Van Kempen L H, Breepoel P M, Kreuzer F
Respir Physiol. 1975 Mar;23(2):223-41. doi: 10.1016/0034-5687(75)90062-6.
emoglobin-bound CO2 was estimated by a procedure first described by Rossi-Bernardi et al. (1969) in which the carbamate compound is stabilized by rapid mixing with alkali and then separated from other CO2 constituents in solution by gel filtration and ion-exchange chromatography. Carbamate equilibrium of bovine hemoglobin was studied at constant PCO2 (44 mm Hg) and varying pH as well as at constant pH (7.4) and varying PCO2 (ionic strength 0.18, temperature 37.0 degrees C). The difference in Z (deltaZ) between hemoglobin and oxyhemoglobin appeared to be 0.11 plus or minus 0.04 (pH=7.40; PCO2=44 mm Hg) i.e. about half the value observed in human hemoglobin. DeltaZ was shown to account completely for the difference in CO2 content (CCO2) between hemoglobin and oxyhemoglobin when in total equilibrium with CO2. Carbamate determinations on bovine hemoglobin specifically modified at all terminal amino groups (double-blocked carbamylated derivative) did not show any CO2 binding at all, thus giving a final proof for the exclusive role of the terminal amino groups in CO2 binding under physiological conditions. Attempts to calculate the ionization constant (Kz) and the carbamate equilibrium constant (Kc) of the terminal amino groups failed, suggesting that both terminal groups are not equivalent in their CO2 binding properties. This was confirmed by the fact that carbamate data obtained at constant PCO2 and varying pH fitted binding curves derived from two sets of independent but non-equivalent binding sites. Association constants for both kinds of binding sites appeared to differ by a factor of at least 3 in hemoglobin and of about 10 in oxyhemoglobin. From determinations of hemoglobin-bound CO2 and CO2 content of hemoglobin and oxyhemoglobin solutions in total equilibrium with CO2, the apparent first dissociation constant of carbonic acid was calculated as 5.71 plus or minus 0.0061 pH and found to be independent of the oxygenation state of hemoglobin. In contrast with hemoglobin of other species bovine hemoglobin appeared to be not influenced by the presence of 2.3-diphosphoglycerate as far as its CO2-binding properties are concerned.
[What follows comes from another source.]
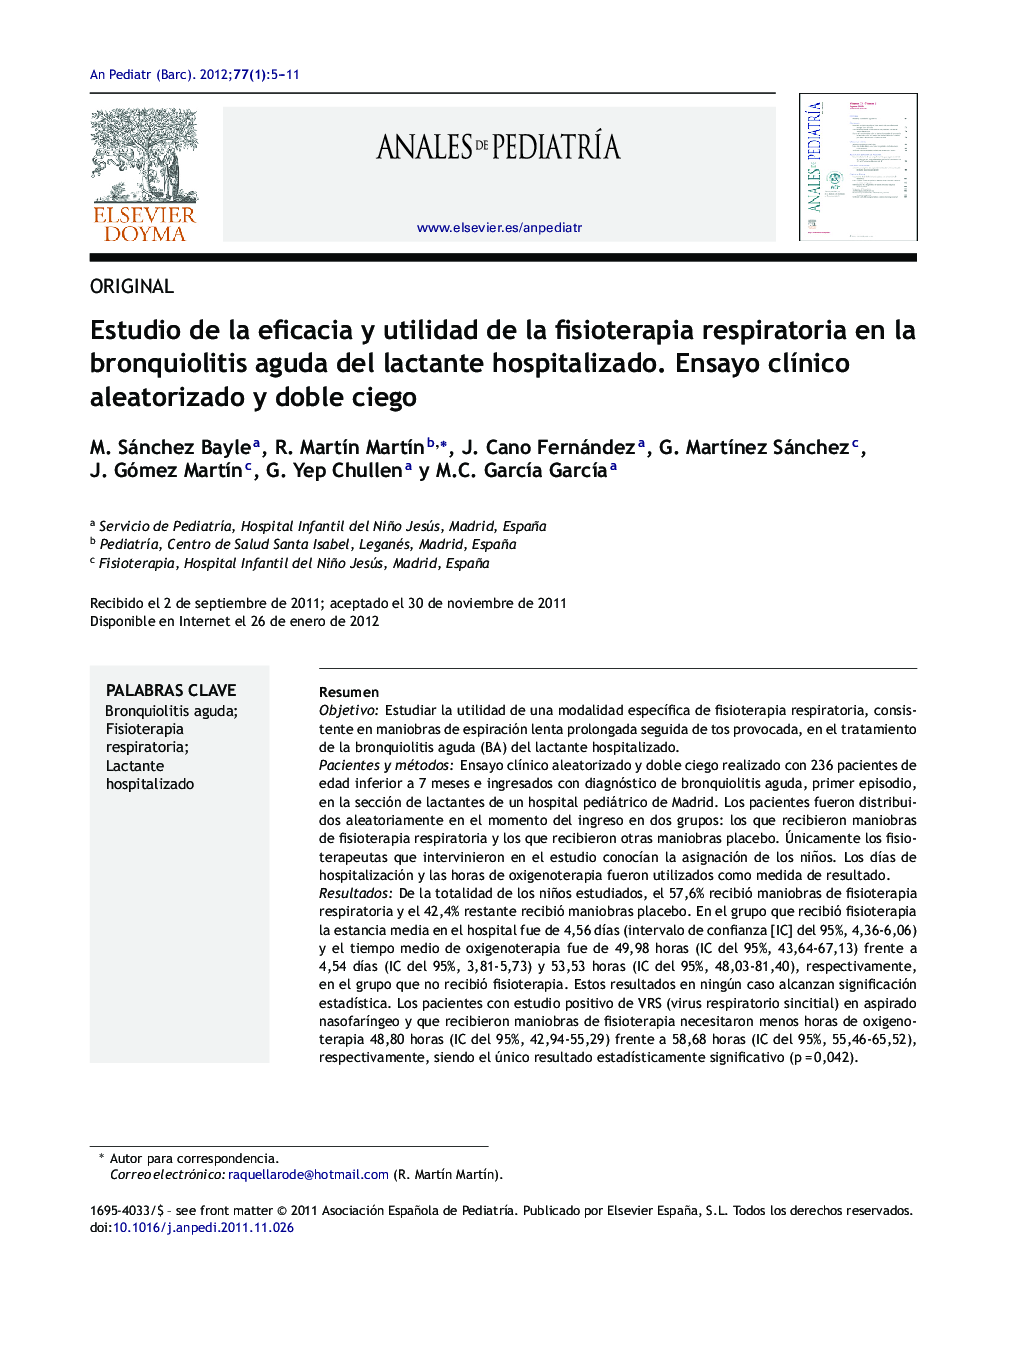 Estudio de la eficacia y utilidad de la fisioterapia respiratoria en la bronquiolitis aguda del lactante hospitalizado. Ensayo clínico aleatorizado y doble ciego

与血红蛋白结合的二氧化碳是通过Rossi - Bernardi等人(1969年)首次描述的方法估算的。在该方法中,氨基甲酸盐化合物通过与碱快速混合来稳定,然后通过凝胶过滤和离子交换色谱法与溶液中的其他二氧化碳成分分离。在恒定的PCO2(44毫米汞柱)和不同的pH值下,以及在恒定的pH值(7.4)和不同的PCO2(离子强度0.18,温度37.0摄氏度)下,研究了牛血红蛋白的氨基甲酸盐平衡。血红蛋白和氧合血红蛋白之间的Z值差异(ΔZ)似乎为0.11±0.04(pH = 7.40;PCO2 = 44毫米汞柱),即约为在人血红蛋白中观察到的值的一半。当与二氧化碳完全平衡时,ΔZ被证明完全解释了血红蛋白和氧合血红蛋白之间二氧化碳含量(CCO2)的差异。对所有末端氨基均经过特异性修饰的牛血红蛋白(双封闭氨基甲酰化衍生物)进行的氨基甲酸盐测定根本未显示任何二氧化碳结合,从而最终证明了在生理条件下末端氨基在二氧化碳结合中的独特作用。计算末端氨基的电离常数(Kz)和氨基甲酸盐平衡常数(Kc)的尝试失败了,这表明两个末端基团在其二氧化碳结合特性方面并不等同。在恒定PCO2和不同pH值下获得的氨基甲酸盐数据符合源自两组独立但不等同的结合位点的结合曲线,这一事实证实了这一点。两种结合位点的缔合常数在血红蛋白中似乎相差至少3倍,在氧合血红蛋白中相差约10倍。通过测定与二氧化碳完全平衡的血红蛋白溶液和氧合血红蛋白溶液中与血红蛋白结合的二氧化碳和二氧化碳含量,计算出碳酸的表观一级解离常数为5.71±0.0061pH,并且发现其与血红蛋白的氧合状态无关。就其二氧化碳结合特性而言,与其他物种的血红蛋白不同,牛血红蛋白似乎不受2,3 - 二磷酸甘油酸存在的影响。